When researchers finally figure out a practical way to keep deuterium and tritium fuel contained at several million degrees in a sustained fusion reaction, the world’s energy problems will be solved. Then again, I’ve been reading that for decades too.

If ever, isn’t this how the story goes, the oligarchs and people like that buy the rights to it and keep it under wraps cos they are making too much money from oil and other energy.

I feel we have the technology now to do things like that. But there’s too much money to be made elsewhere - and it would put the oligarchs out of business very quickly.

Fusion-generated electricity would all but end the need for fossil fuel and cause a fundamental reordering of the energy industry (well, that and better batteries to store the energy). But I think the problem is technical rather than the fossil fuel companies stifling the research.

Sustaining 100-million-degree temperatures in an enclosed space is the problem. A physical container won’t work since it would instantly vaporize into plasma. Containing the reaction inside a space defined by a magnetic field is the most promising method. Building a workable machine to create a magnetic bottle to hold a swirling mass of 100-million-degree plasma generating horrific amounts of energy as hydrogen nuclei fuse into helium is something out of Star Trek.

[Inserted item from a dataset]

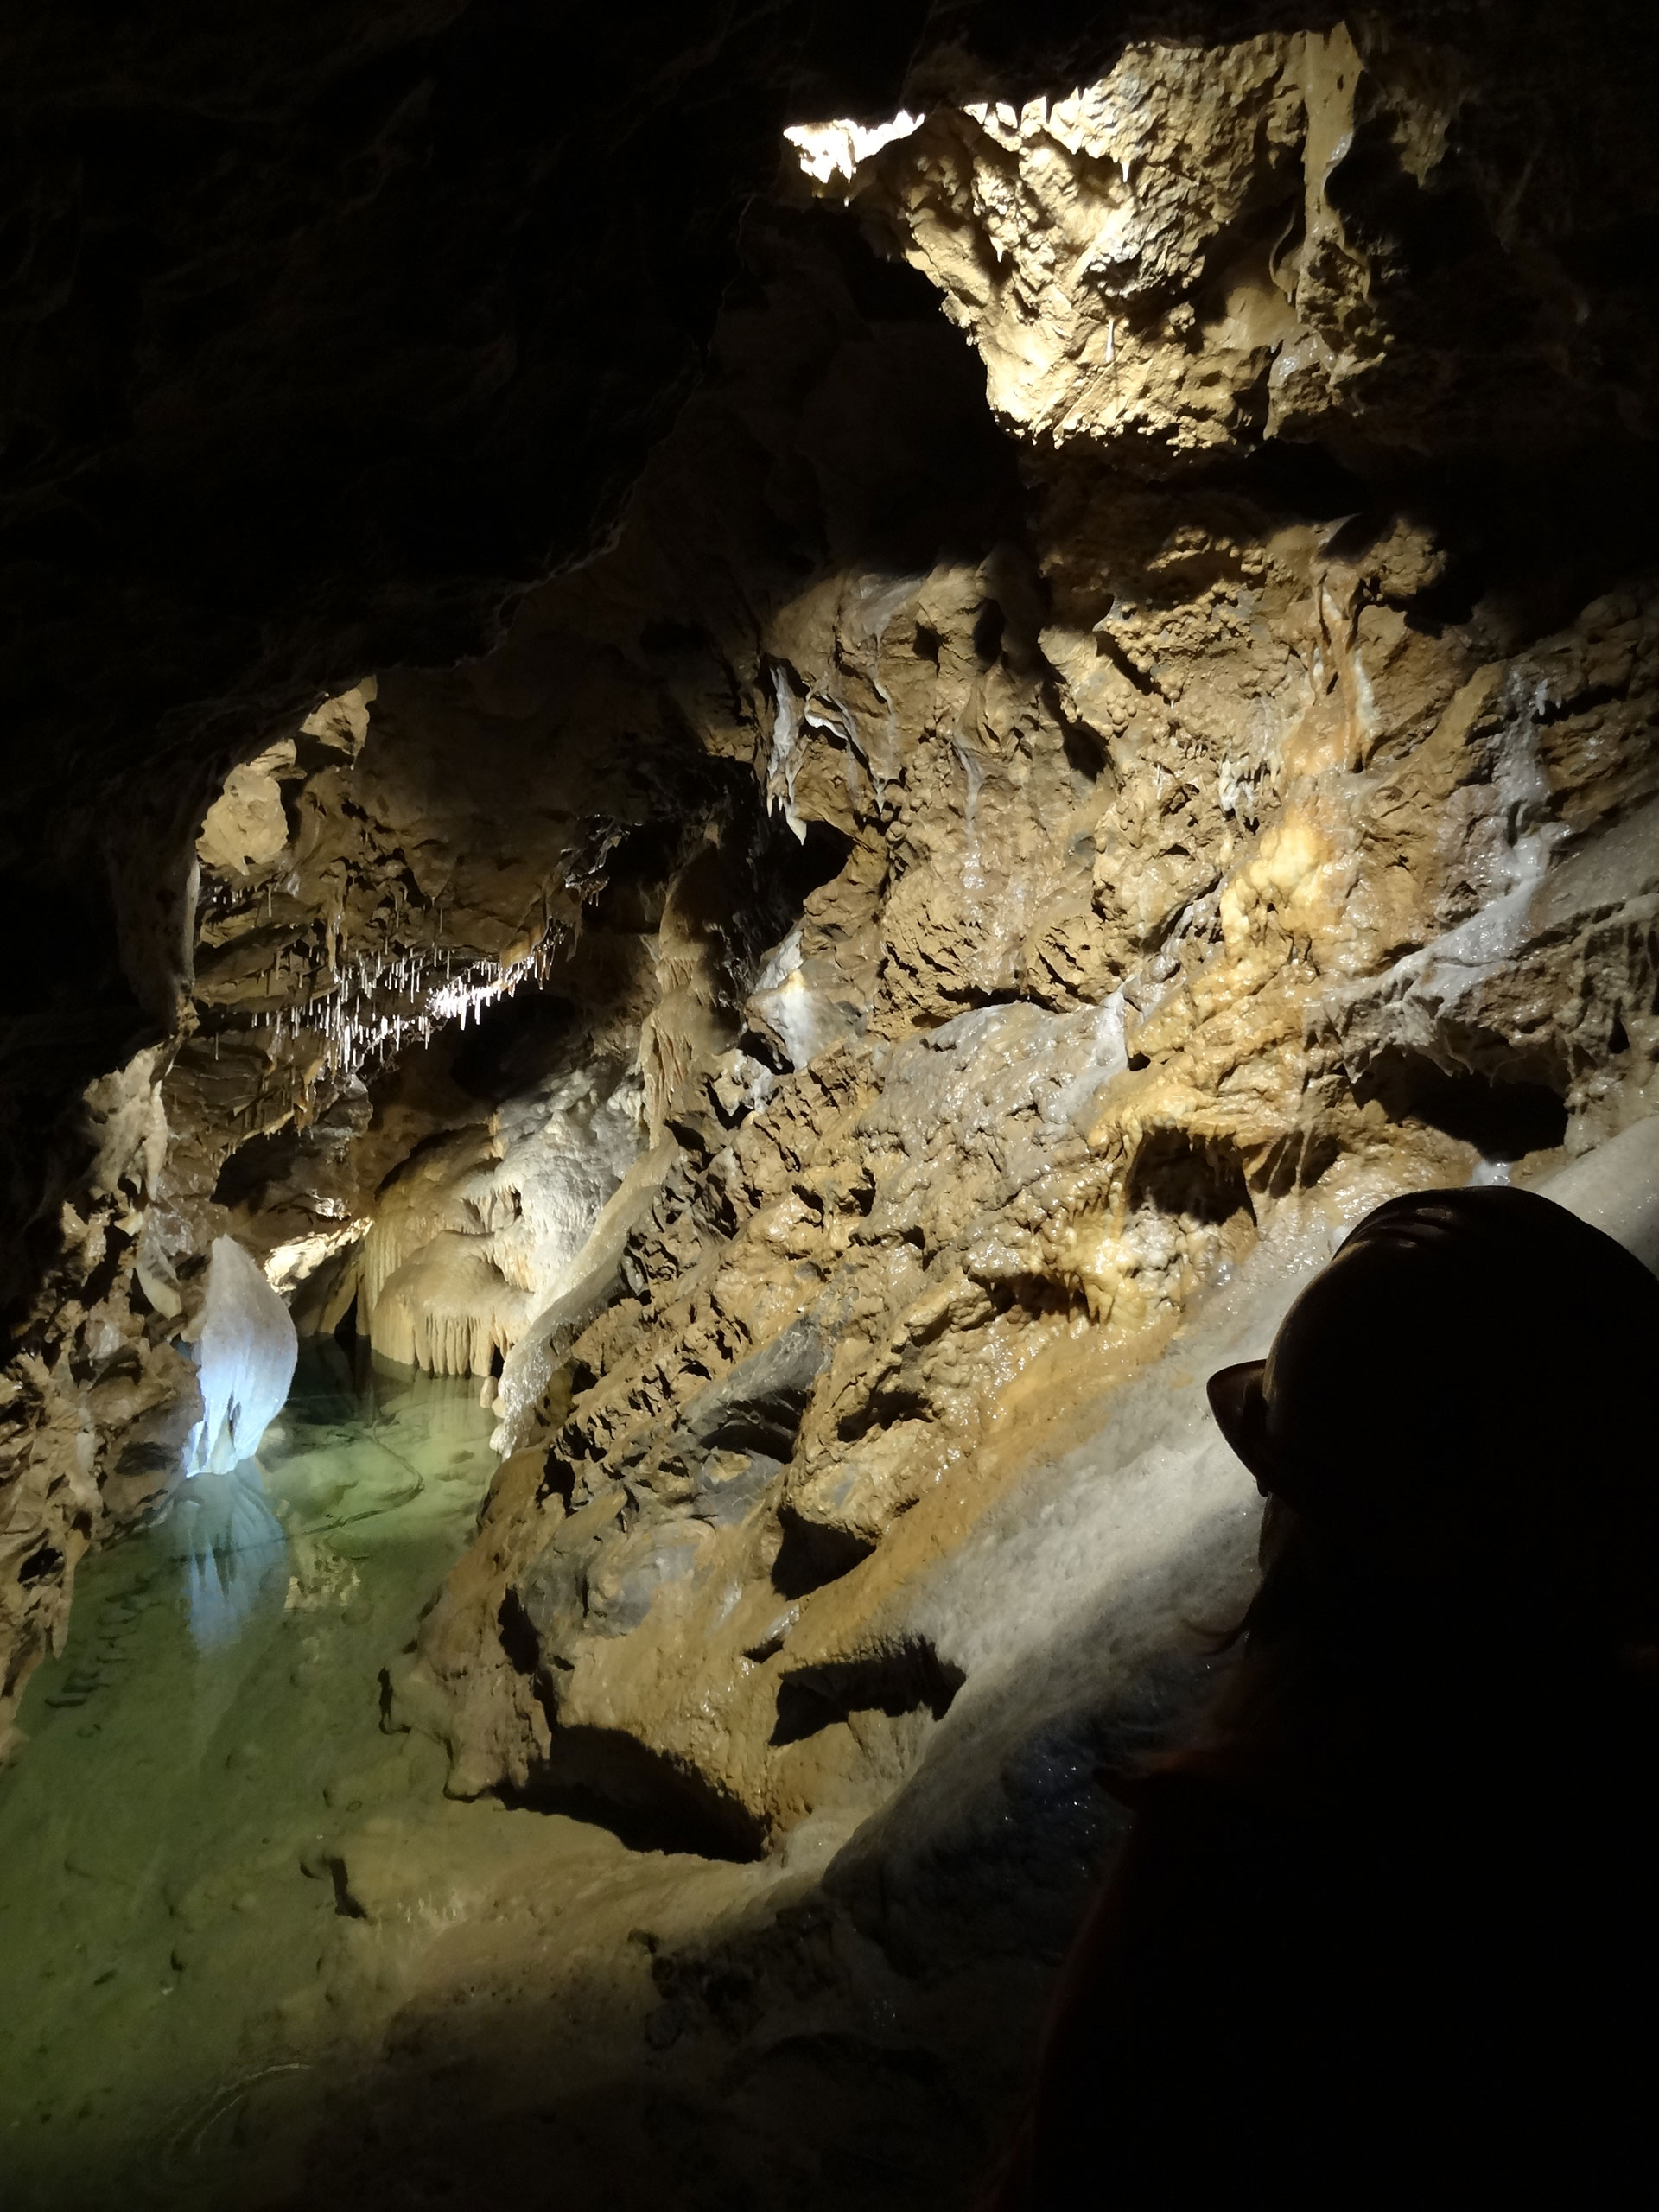 Discover the Grotte de Comblain in Comblain-au-Pont
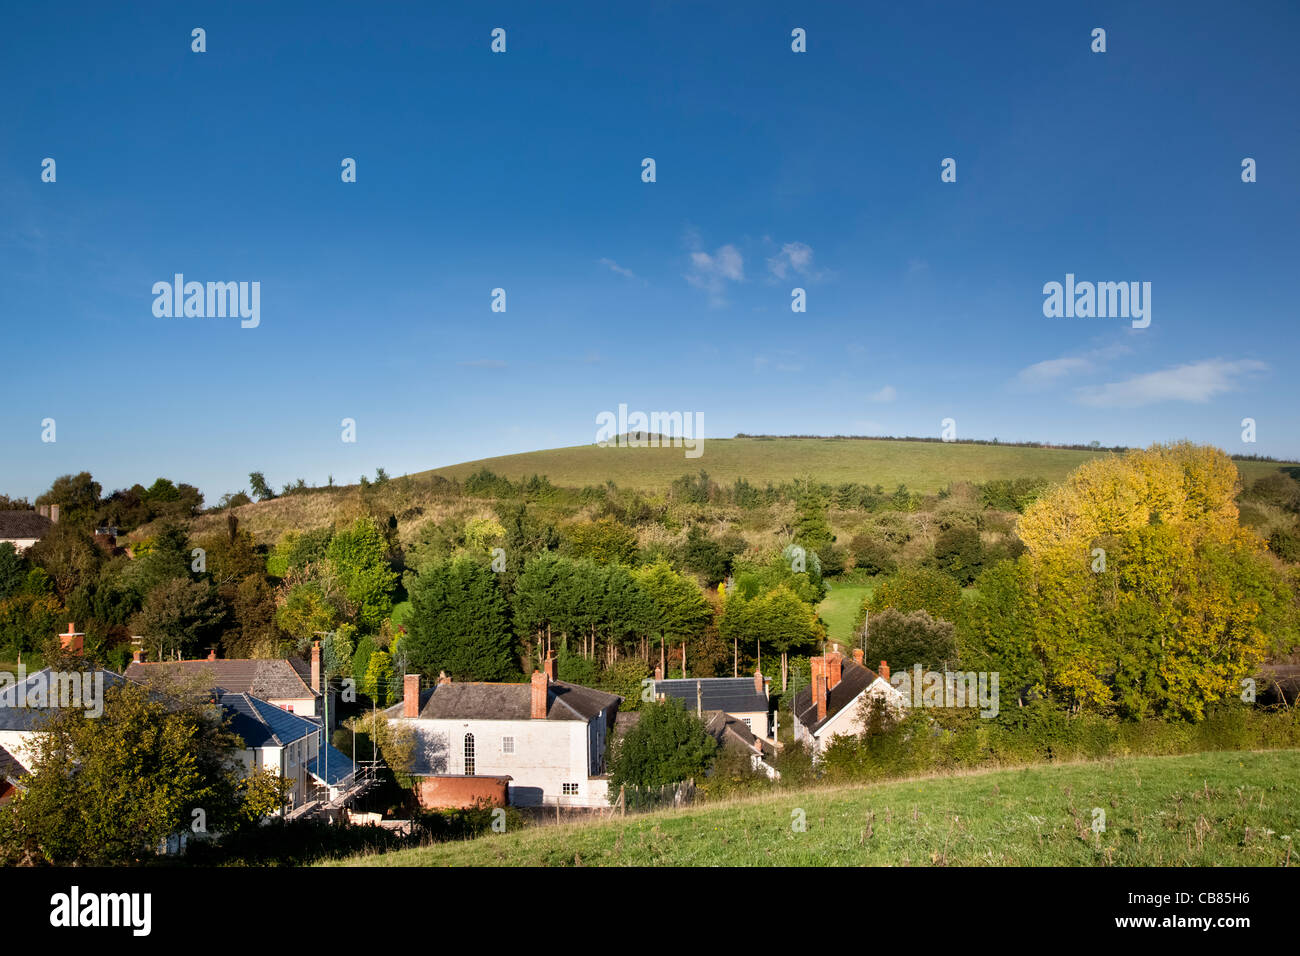 Downes Head grüne Wiese, die Baugenehmigung für eine Wohnsiedlung, Crediton, Devon, England Stockfoto

Even so, the benefits of achieving a controlled and sustained fusion reaction are so enormous that governments worldwide are pumping billions of dollars into the research. For example, last year, the ITER prototype tokamak in the UK achieved a 5-second, sustained fusion reaction burst that produced ten times more energy than required to contain the reaction. This technology is far larger than the fossil fuel industry can stymie — limitless, safe, pollution-free energy.

I’m tempted to write more, but I’ll stop.